══ Available records ══

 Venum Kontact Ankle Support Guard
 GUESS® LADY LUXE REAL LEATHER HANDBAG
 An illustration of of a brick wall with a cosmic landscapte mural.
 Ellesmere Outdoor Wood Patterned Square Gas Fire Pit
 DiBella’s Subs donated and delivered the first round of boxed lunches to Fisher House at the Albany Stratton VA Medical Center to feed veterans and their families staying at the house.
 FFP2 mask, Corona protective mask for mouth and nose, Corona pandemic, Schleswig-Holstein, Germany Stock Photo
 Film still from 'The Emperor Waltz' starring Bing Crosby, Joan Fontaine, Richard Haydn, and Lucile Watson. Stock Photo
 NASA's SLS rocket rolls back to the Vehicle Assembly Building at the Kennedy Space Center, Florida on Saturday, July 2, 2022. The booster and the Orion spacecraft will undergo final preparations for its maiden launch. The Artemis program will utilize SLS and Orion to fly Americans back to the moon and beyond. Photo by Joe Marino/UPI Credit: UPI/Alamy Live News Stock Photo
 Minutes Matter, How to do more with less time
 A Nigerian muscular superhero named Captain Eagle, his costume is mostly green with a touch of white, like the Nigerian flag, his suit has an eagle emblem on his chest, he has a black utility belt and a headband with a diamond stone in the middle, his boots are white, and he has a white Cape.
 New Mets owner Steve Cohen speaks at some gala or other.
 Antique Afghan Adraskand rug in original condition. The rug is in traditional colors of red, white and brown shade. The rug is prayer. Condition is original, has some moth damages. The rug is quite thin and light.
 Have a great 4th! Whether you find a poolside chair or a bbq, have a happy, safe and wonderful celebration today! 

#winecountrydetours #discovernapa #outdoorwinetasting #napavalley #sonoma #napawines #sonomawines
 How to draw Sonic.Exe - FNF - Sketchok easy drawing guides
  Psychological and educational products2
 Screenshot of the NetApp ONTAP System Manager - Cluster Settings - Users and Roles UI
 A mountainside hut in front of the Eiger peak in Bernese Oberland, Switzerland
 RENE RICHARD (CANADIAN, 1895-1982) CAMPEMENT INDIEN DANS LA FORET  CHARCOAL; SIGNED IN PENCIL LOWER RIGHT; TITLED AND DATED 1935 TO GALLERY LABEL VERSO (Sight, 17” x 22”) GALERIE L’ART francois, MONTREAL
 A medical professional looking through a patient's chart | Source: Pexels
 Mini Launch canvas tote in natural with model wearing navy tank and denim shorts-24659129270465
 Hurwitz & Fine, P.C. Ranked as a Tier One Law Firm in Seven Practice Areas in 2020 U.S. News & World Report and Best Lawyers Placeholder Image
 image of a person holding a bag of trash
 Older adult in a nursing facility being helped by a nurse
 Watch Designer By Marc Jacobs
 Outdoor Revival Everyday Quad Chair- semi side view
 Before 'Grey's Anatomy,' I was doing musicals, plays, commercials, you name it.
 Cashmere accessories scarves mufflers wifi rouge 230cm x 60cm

═══

What you will do
Count lines, not occurrences: report how many lines in the entries above include the word "with", as a number alone.

Written reply
4